━━━ Working data
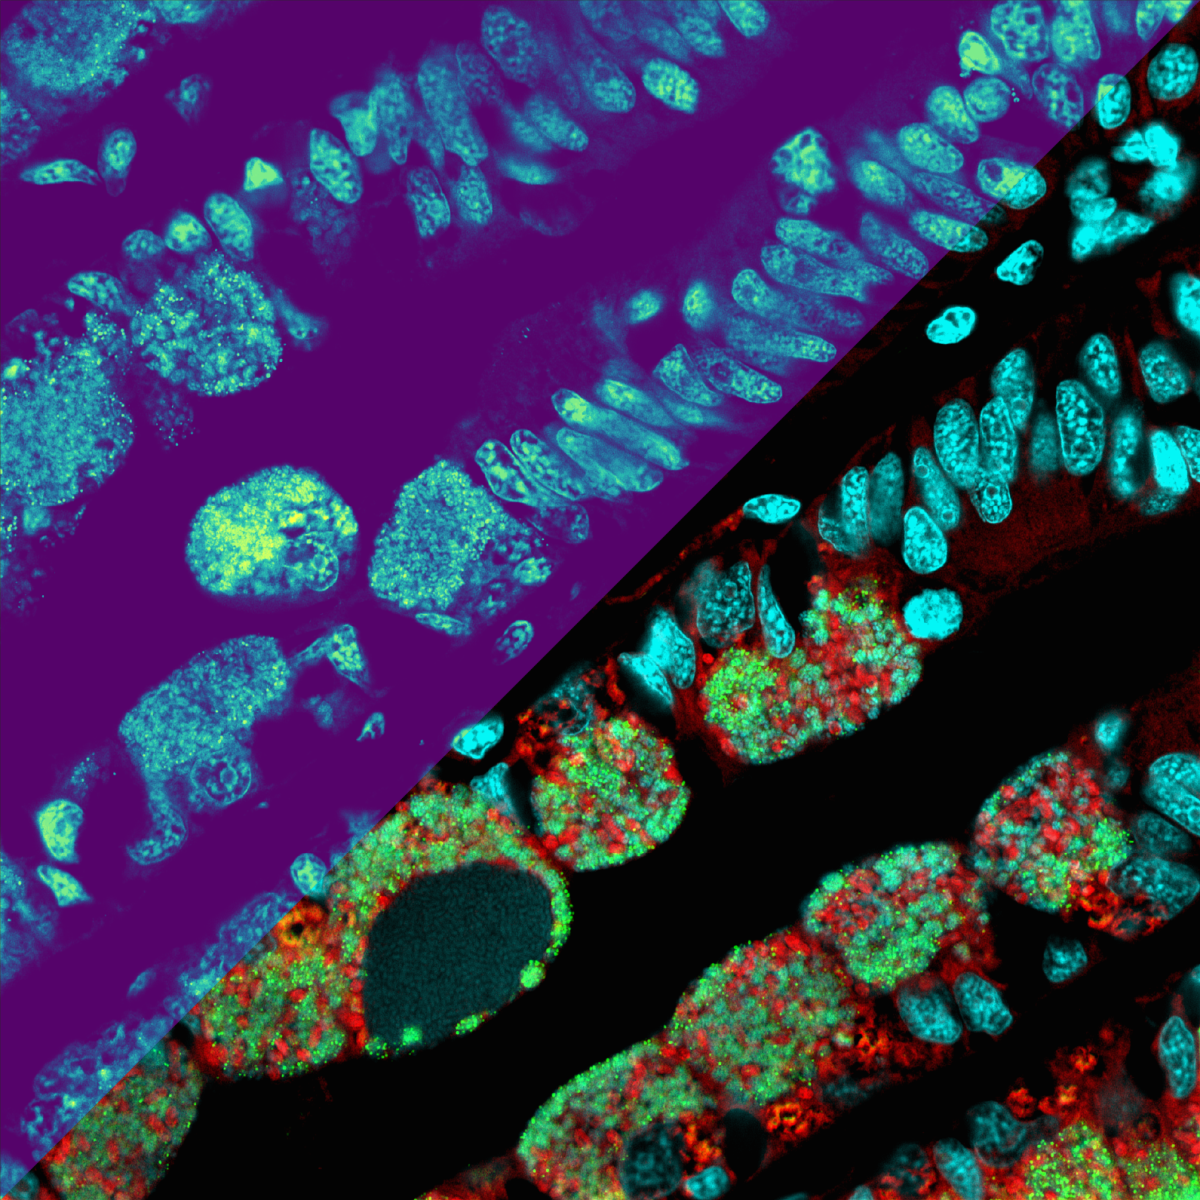 Die Metabolitenverteilungen als Heatmap (oberer linker Teil der Abbildung): je heller die Farbe, desto höher die Konzentration der Metabolite (Mikroskopie-MSI-Nachbildung zur Veranschaulichung). Die untere rechte Seite des Bildes zeigt mikroskopische Details der Mikroben (in Rot und Grün) und der Muschelzellkerne (Cyan). (© Max-Planck-Institut für Marine Mikrobiologie, B. Geier)
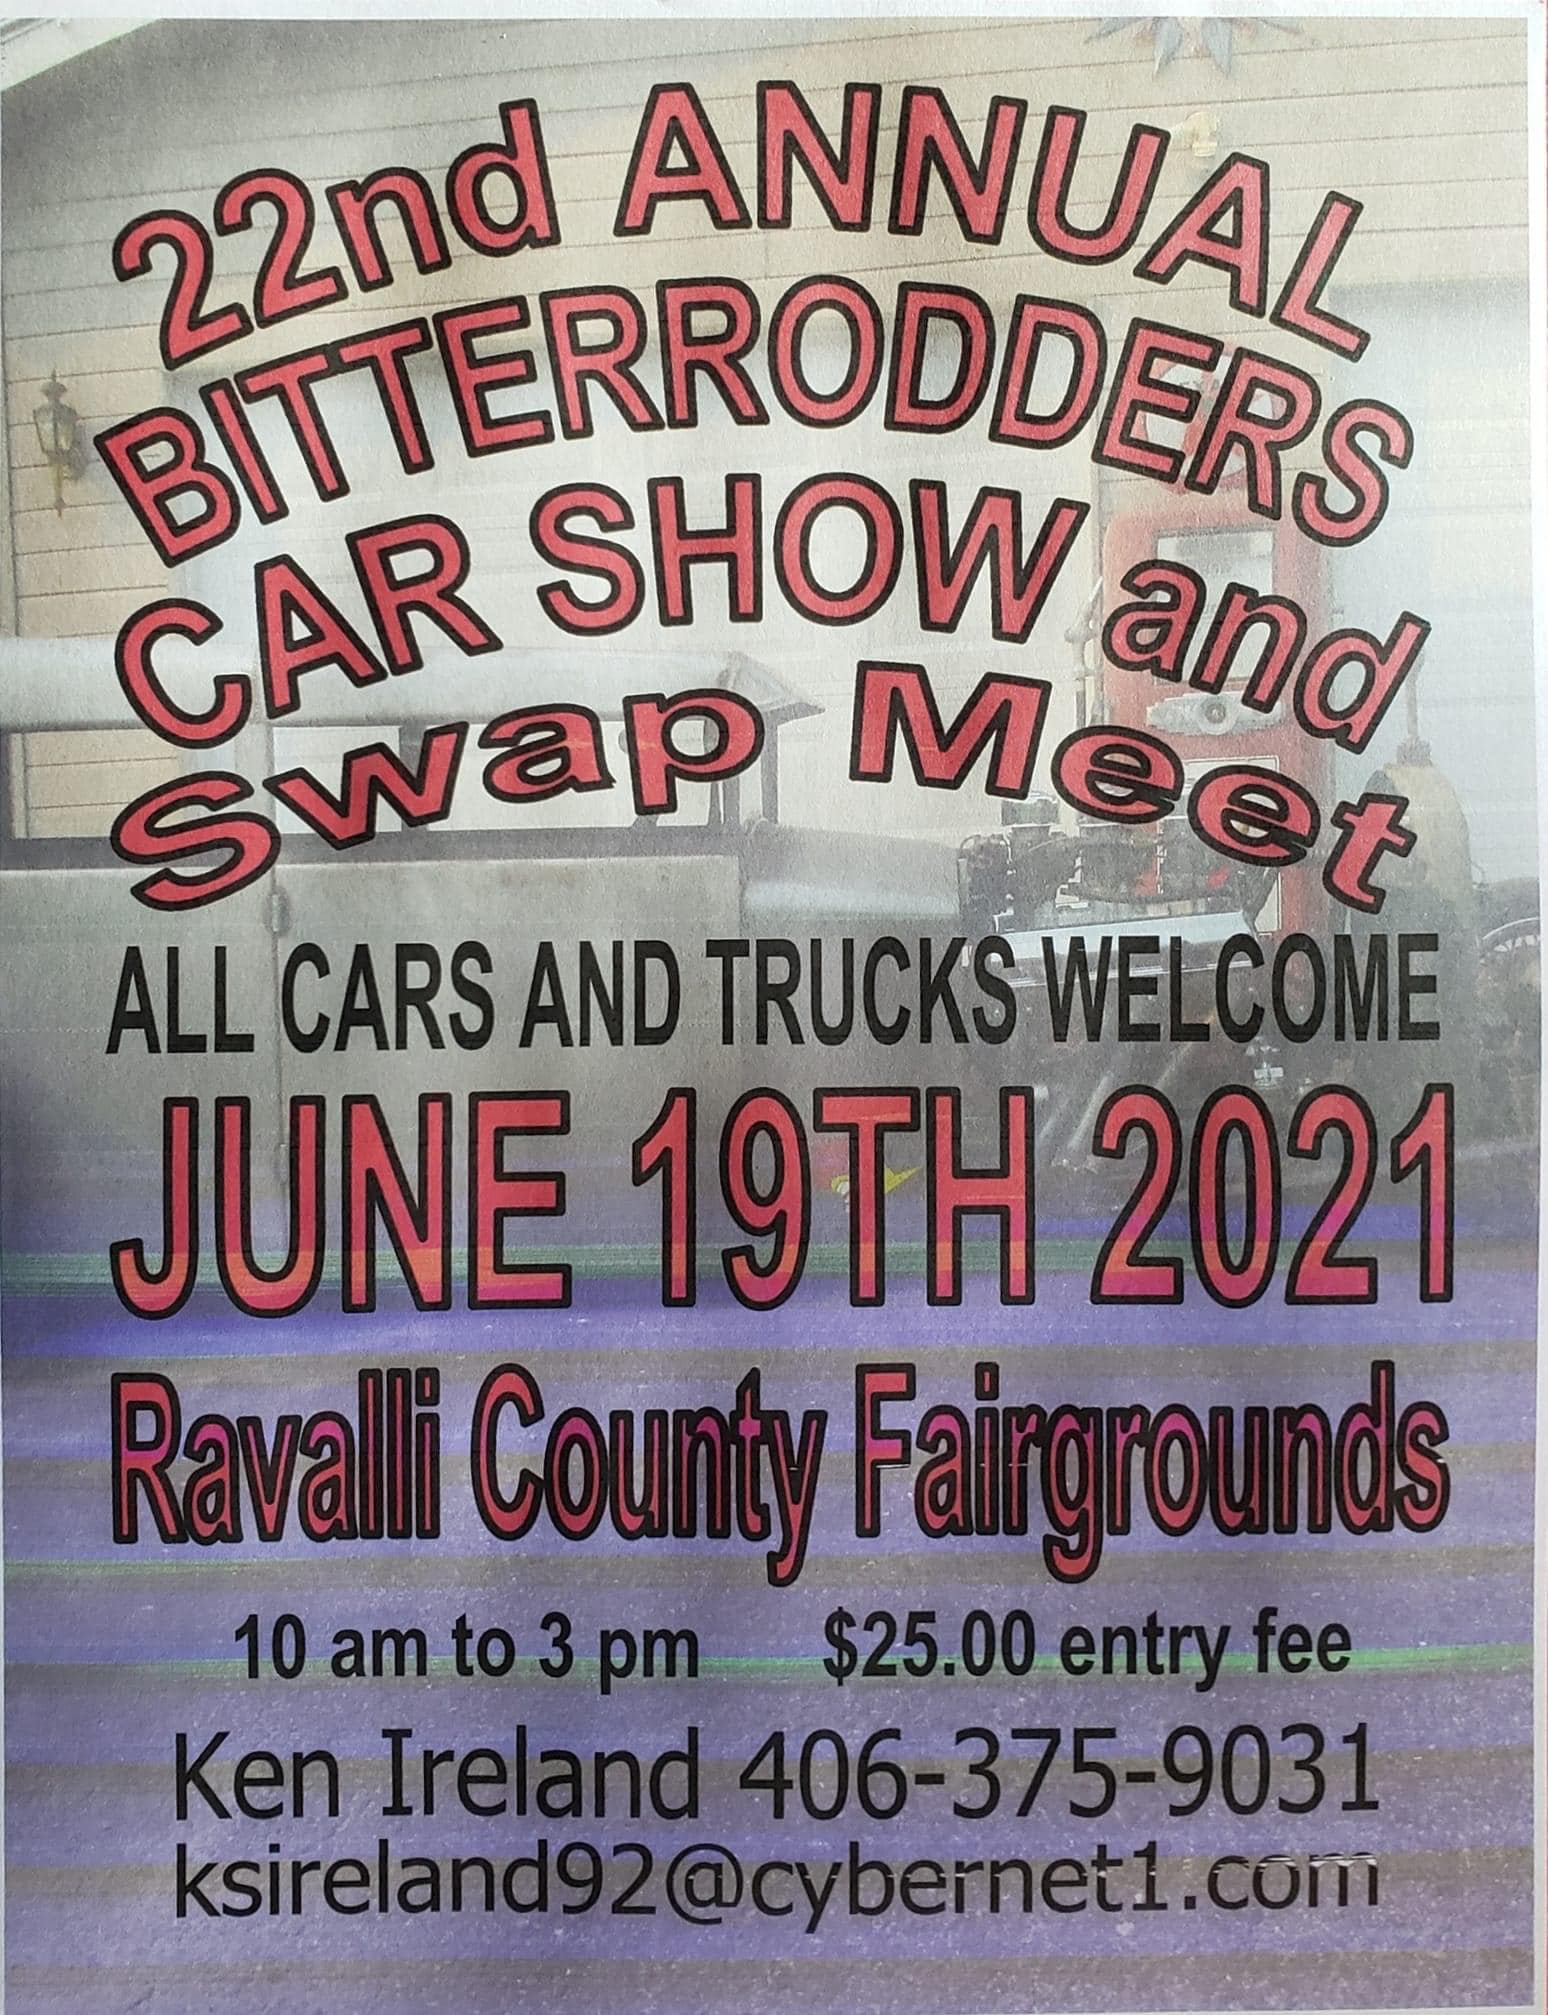 22nd Annual Bitterrodders Car Show and Swap Meet - June 19, 2021
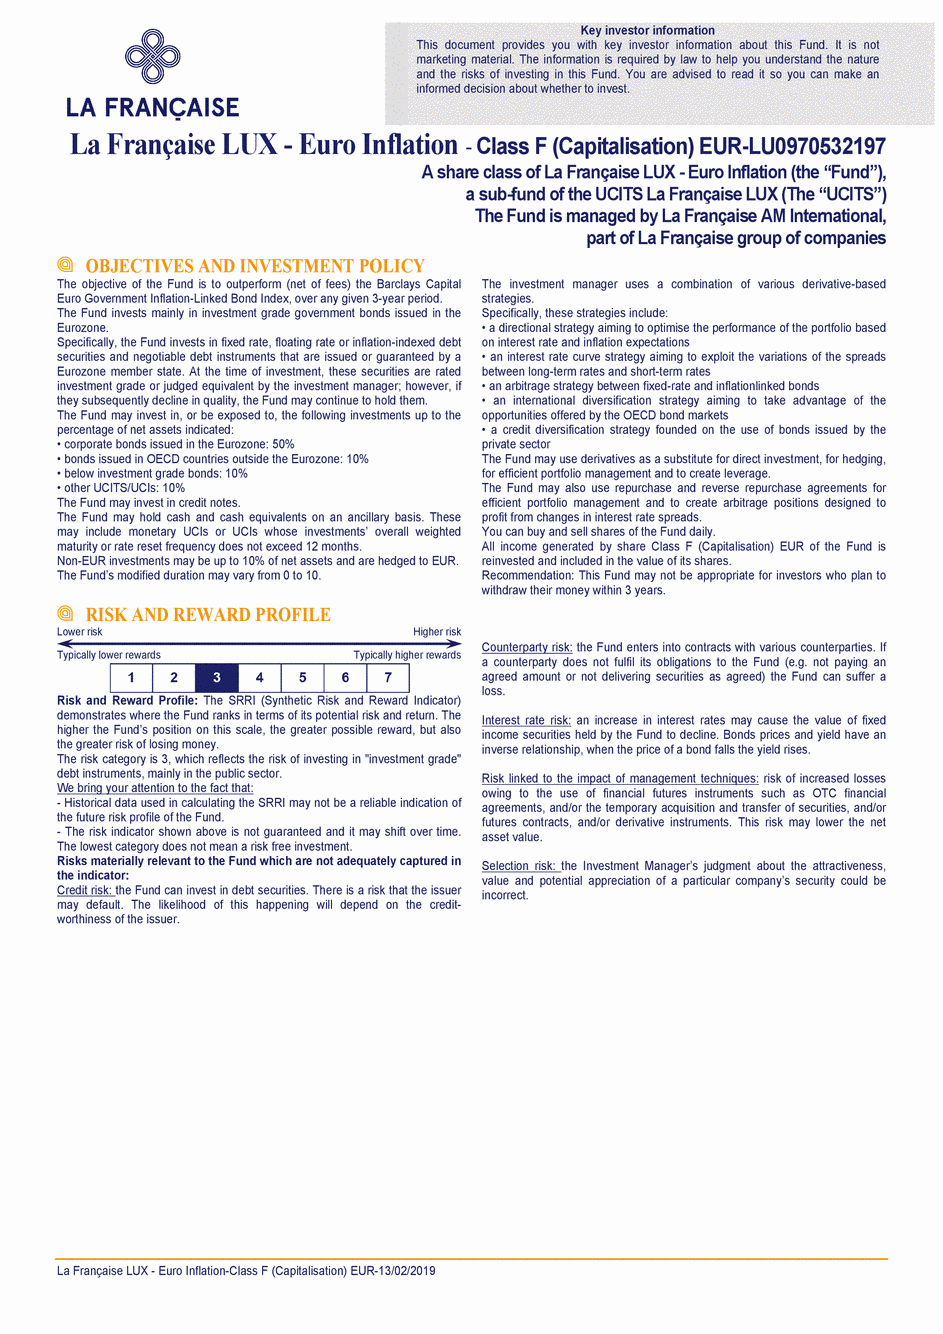 DICI La Française LUX - Euro Inflation - F (C) EUR - 13/02/2019 - English
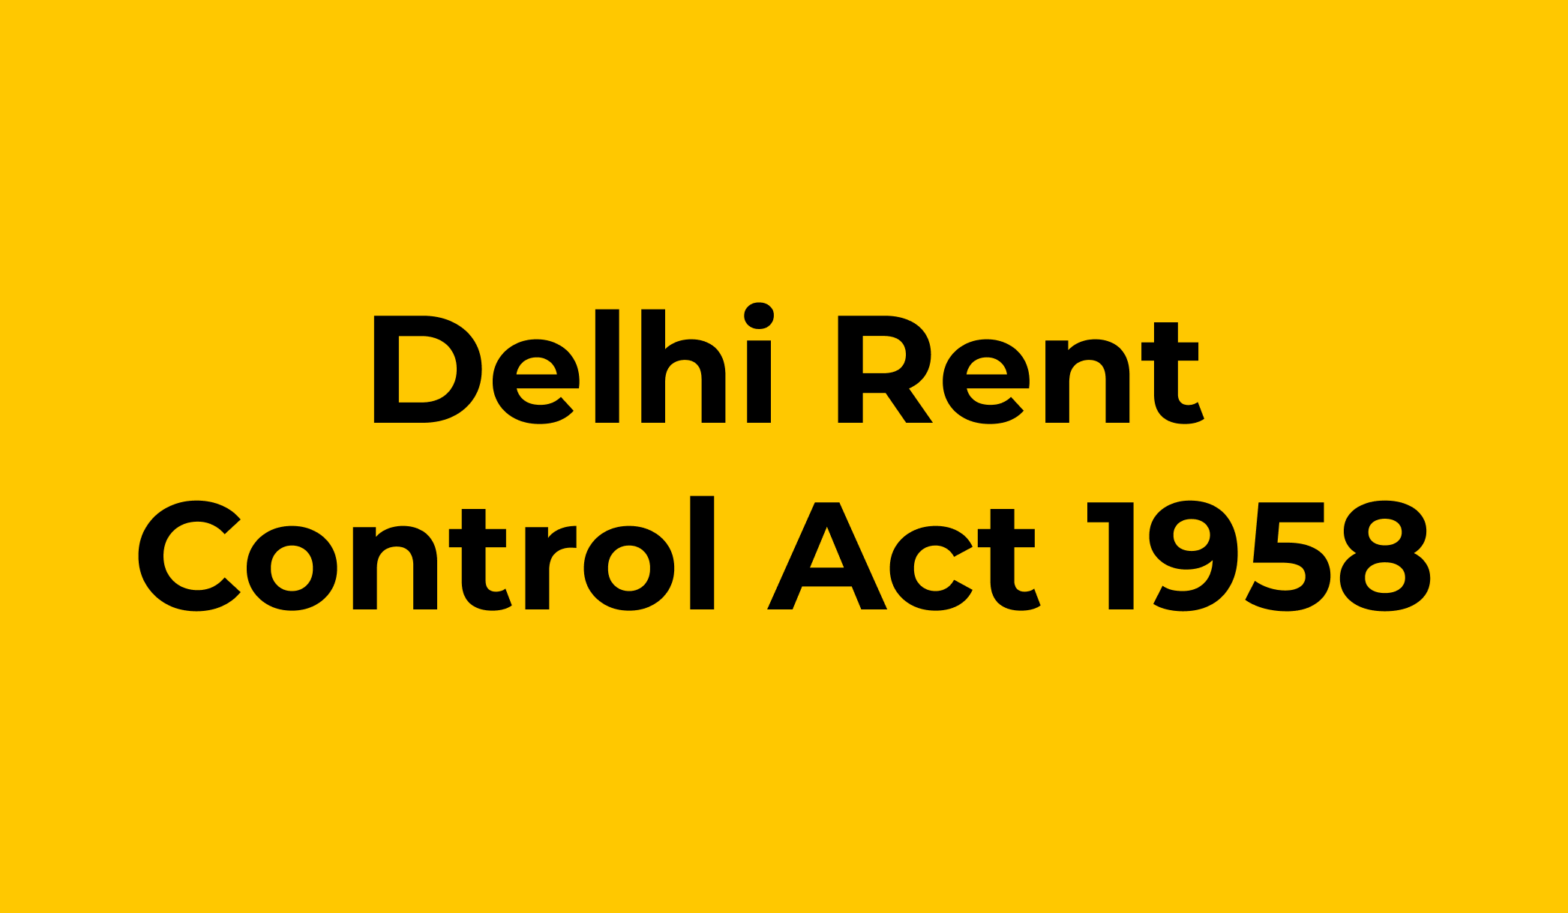 Delhi rent control act
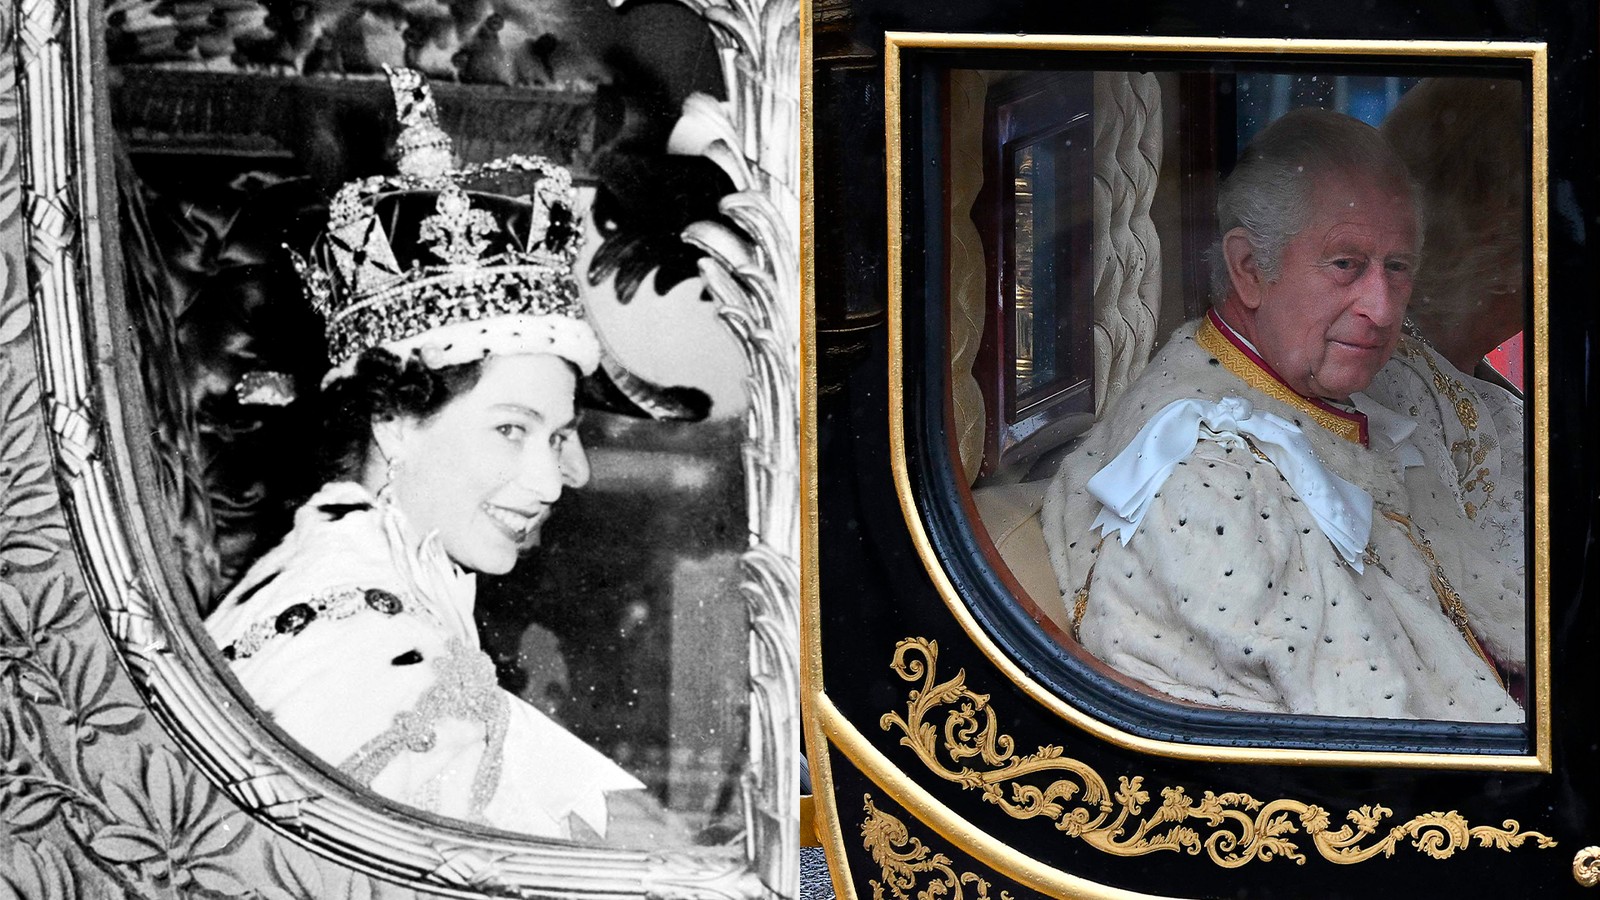 Passado e presente em imagens: as coroações de Elizabeth, em 1953, e de Charles, neste sábado, marcam começos e fins de ciclos no Reino Unido  — Foto: Arquivo AFP / Glyn KIRK / AFP
━━━━━━
_Exercise aim_
Should a record include a picture, omit it from your copy and return the rest unchanged.

_Exercise output_
 Die Metabolitenverteilungen als Heatmap (oberer linker Teil der Abbildung): je heller die Farbe, desto höher die Konzentration der Metabolite (Mikroskopie-MSI-Nachbildung zur Veranschaulichung). Die untere rechte Seite des Bildes zeigt mikroskopische Details der Mikroben (in Rot und Grün) und der Muschelzellkerne (Cyan). (© Max-Planck-Institut für Marine Mikrobiologie, B. Geier)
 22nd Annual Bitterrodders Car Show and Swap Meet - June 19, 2021
 DICI La Française LUX - Euro Inflation - F (C) EUR - 13/02/2019 - English
 Delhi rent control act
 Passado e presente em imagens: as coroações de Elizabeth, em 1953, e de Charles, neste sábado, marcam começos e fins de ciclos no Reino Unido  — Foto: Arquivo AFP / Glyn KIRK / AFP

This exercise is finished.